Where are all these new OCBC banking jobs? The firm’s report doesn’t break this down, but it provides some hints. OCBC has added employees to its private banking offshoot, Bank of Singapore (BoS). Overall wealth management operating expenses (which include BoS) rose 6% year on year to S$1.1bn in Q1, partly due to “higher staff costs”.

Hiring new relationship managers (who bring new client assets with them) helped improve net new money inflows at BoS and drove assets under management to a new high of US$108bn from US$102bn a year previously. BoS’s headcount of RMs increase by 20 to reach 450 last year, giving it the fourth highest RM workforce of any private bank in Asia, according to new data from Asian Private Banker. The new hires included bankers for a team set up last year to support external asset managers.

It’s likely that BoS has hired more RMs so far this year because most front-office recruitment happens in Q1 and early Q2, after bonuses are paid. Any new recruits in Q1 have come onboard at an opportune time. Wealth management-related income (which also includes products such as asset management and stockbroking) increased 27% from a year ago to S$921m and represented 34% of the firm’s total income in Q1.

If your job at OCBC is focused on selling investment banking products, however, the Q1 results only serve to highlight the comparative insignificance of your role. Gross fee and commission income from IB products was up year on year, but only amounted to S$25m.
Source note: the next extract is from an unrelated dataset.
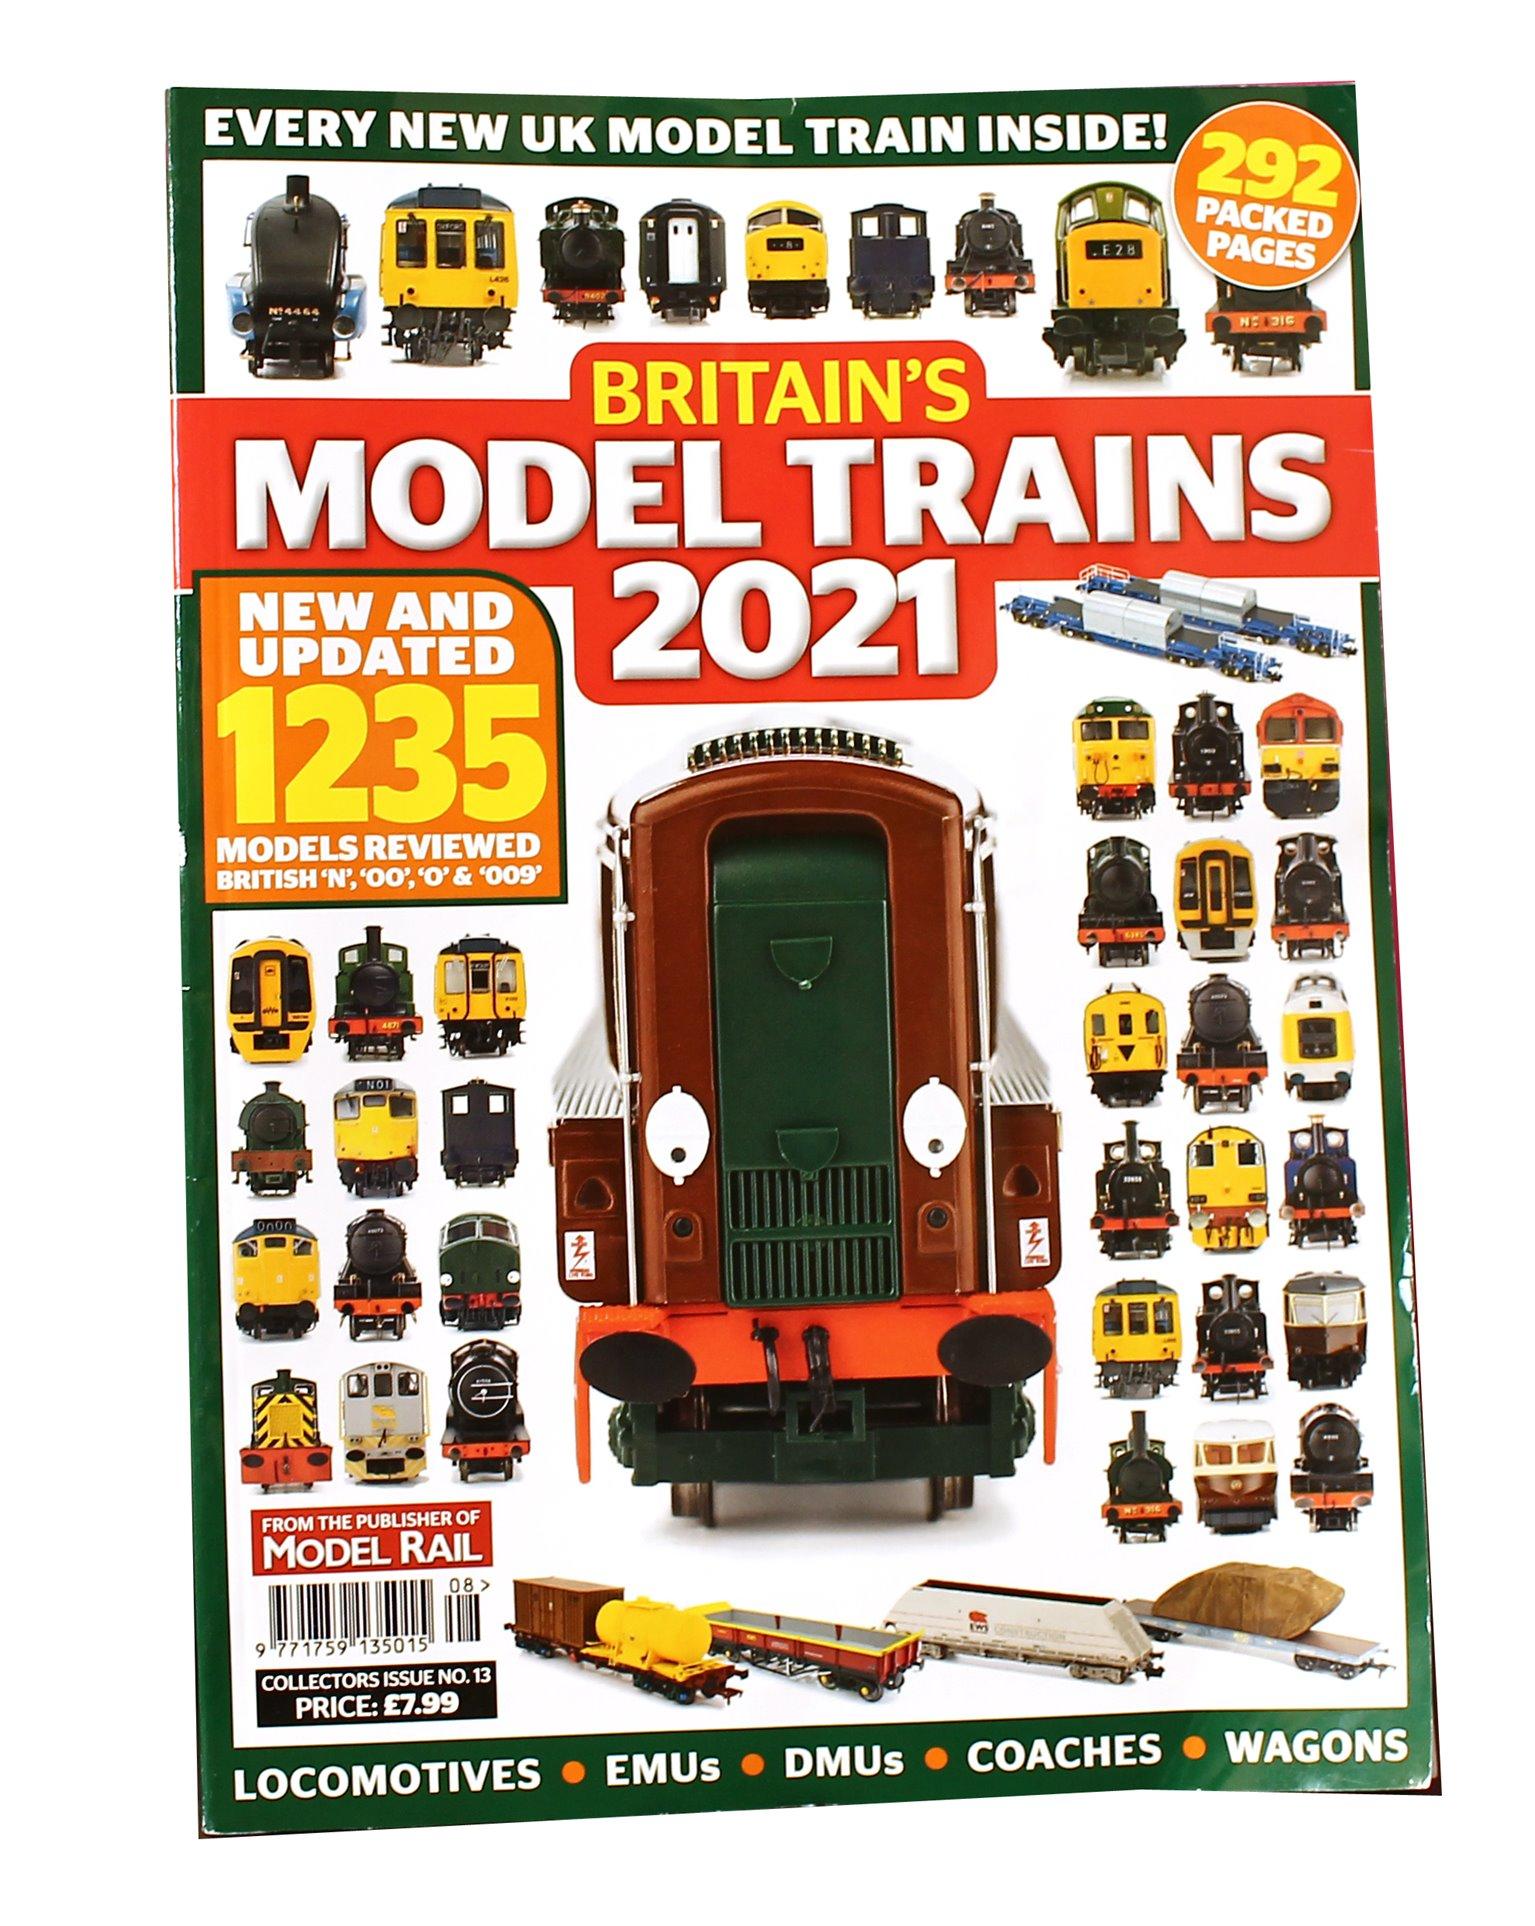 Britain's Model Trains 2021

OCBC’s new financial results make no mention of investments in technology, which is surprising given that DBS and UOB’s Q1 reports both highlight rises in tech-related costs. However, recruiters in Singapore say OCBC has been increasing its tech and digital headcount, which partly explains its overall jump in staff numbers. OCBC currently has 80 tech vacancies on its website, including several to support Bank of Singapore. The firm’s Q3 2018 results stated that “technology and digital investments” had “strongly contributed” to its recent business expansion.